Example: Free energy surface of Ala3 in water as obtained from a 100 ns MD simulation using PCA, including the (φ,ψ) distribution pertaining to the labeled energy minima:   1. Building the covarience matrix:

`gmx covar` builds and diagonalizes the covariance matrix. Only select the backbone for the calculation as we are interested in motions of the whole protein but not of the sidechains.

``` gmx covar -f md_protein.xtc -s md_protein.tpr ``` (Selection: "Backbone")

which produces the files `eigenvec.trr` and `eigenval.xvg`. By diagonalizing σ, we obtain 3N eigenvectors vi (dimension is still 3N) and eigenvalues λi. These eigenvectors can be our new basis. Think of our previous conformational space as a 3N-dimensional cube, where all our little histograms live as clouds of dots. Eigenvector analysis conveniently picks out an axis along which we have the most variation, while relatively little variation along the other axes occurs. This axis is our principal component 1 (PC1) or eigenvector 1, and can have the pleasant side-effect that many of its 3N entries are zeroes. This means that we no longer have to consider ALL atoms in this motion.
The actual purpose is that, if we are lucky, we can explain >50% of the proteins motions with our new, reduced basis. This can be seen in the file `eigenval.xvg`, where the relative size of the motion is listed. Only a very small number of eigenvectors (modes of fluctuation) contributes significantly to the overall motion of the protein.

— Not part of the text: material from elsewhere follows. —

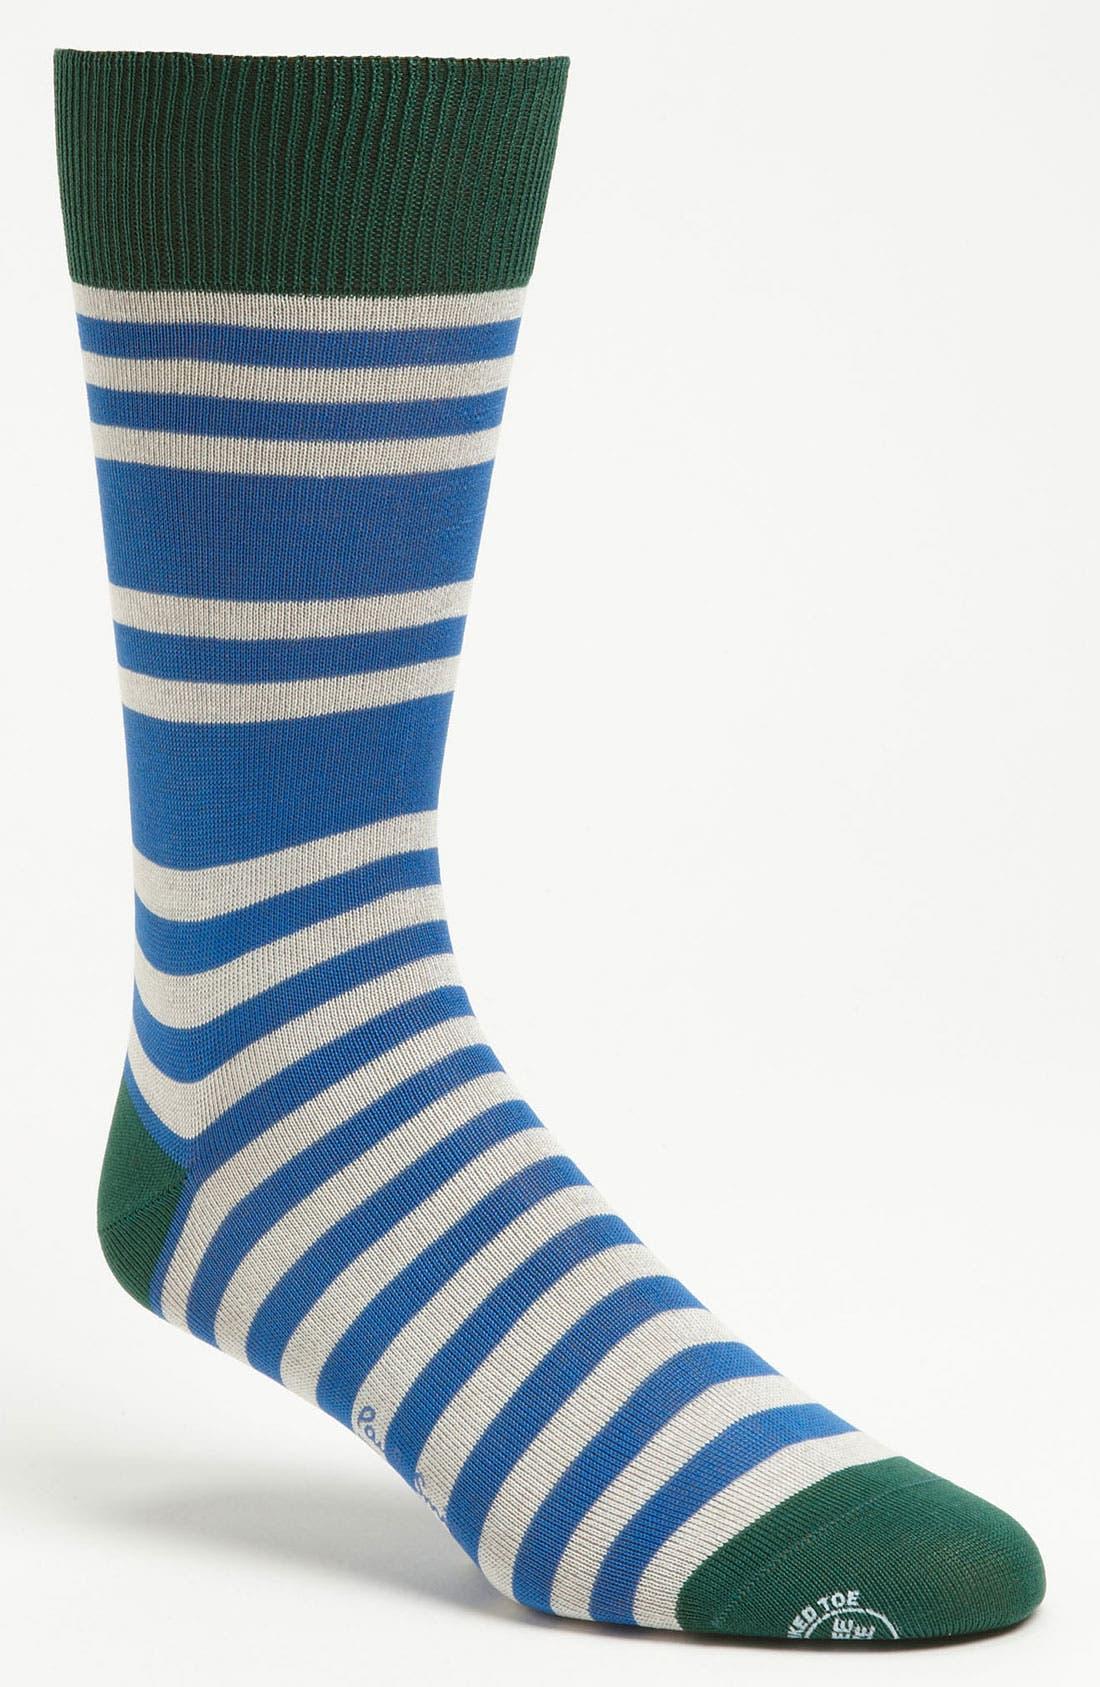 Alternate Image 1 Selected - Paul Smith Accessories 'Odd Bizmark' Socks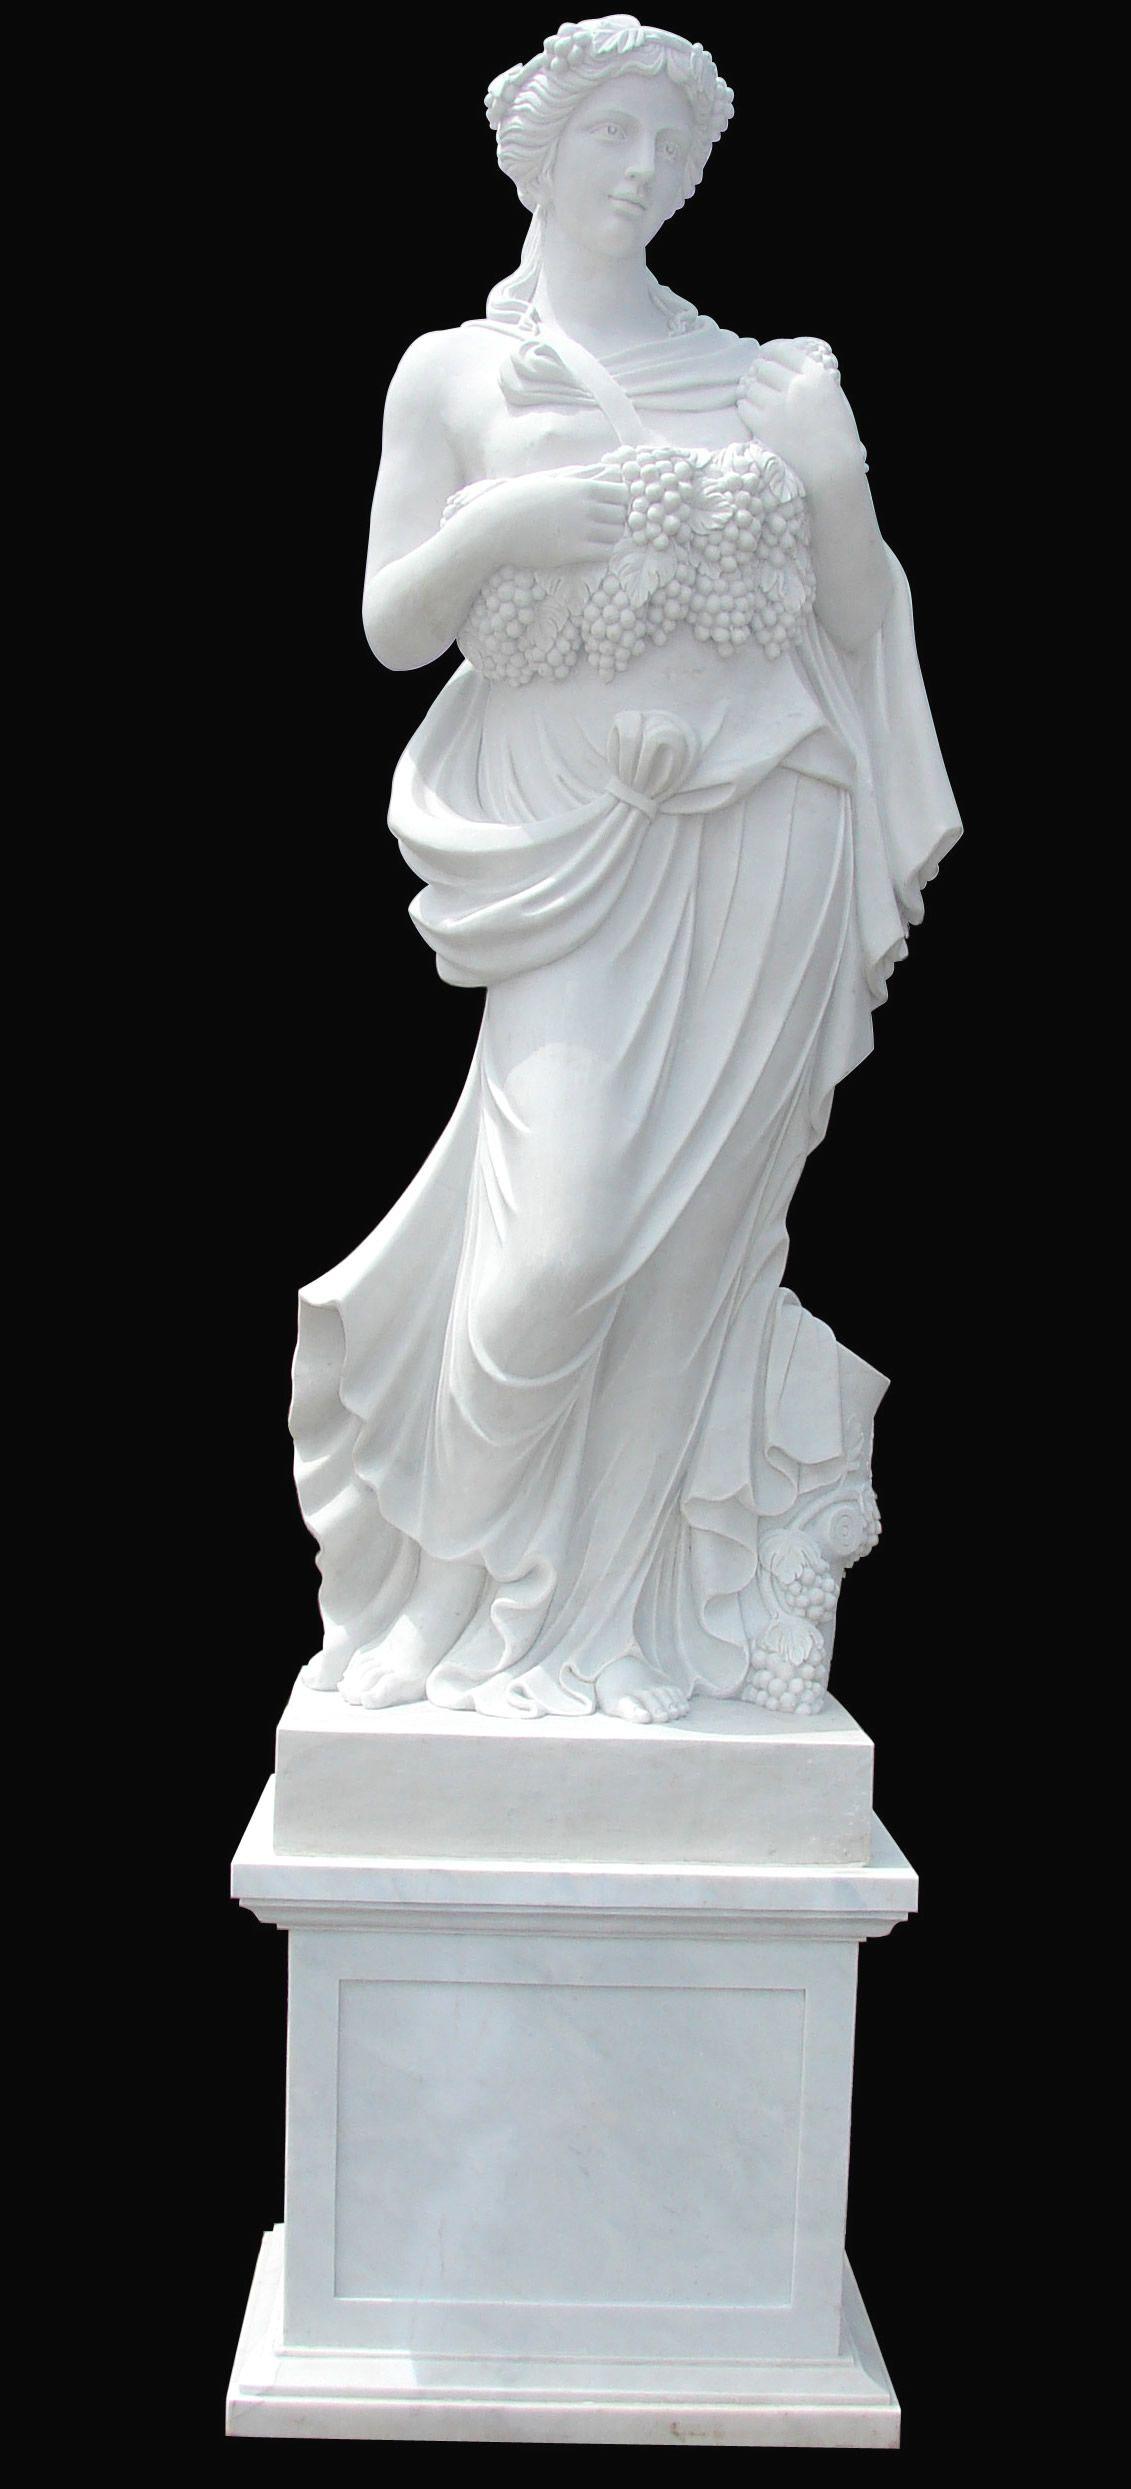 Statue White Marble Female | White Marble Statue artisan kraft ...

2. Extraction of the eigenvalues and illustration of the motion:
To view the most dominant mode (eigenvector 1), use the following command

``` gmx anaeig -v eigenvec.trr -f md_protein.xtc -eig eigenval.xvg -s md_protein.tpr -first 1 -last 1 -nframes 100 -extr ev1.pdb ```
(Selection: Twice "Backbone")

which produces the PDB file `ev1.pdb` containing 100 conformations along eigenvector 1. A similar file `ev2.pdb` can be produced by replacing 1 with 2 in `-first 1` and `-last 1`. For this, GROMACS took our atomic coordinates (as in, a frame of our simulation) and added to it our PC1 vector, in fact, we add 100 fractions of our vector, so that we get snapshots along this principal motion.

3. Projection of two eigenvectors:

Moreover, we can also calculate the overlap between the principal components (PCs) and the coordinates of the trajectory with `gmx anaeig`:

``` gmx anaeig -v eigenvec.trr -f md_protein.xtc -eig eigenval.xvg -s md_protein.pdb -first 1 -last 2 -2d 2dproj_ev_1_2.xvg ```
(Selection: Twice "Backbone")

Then, we can now project all the proteins coordinates during the trajectory onto this new axis, resulting in a new histogram. We will do this for the first two principal motions. Since PC1 and PC2 are orthogonal (by definition), this should result in a roughly spherical cloud, meaning the motions are uncorrelated.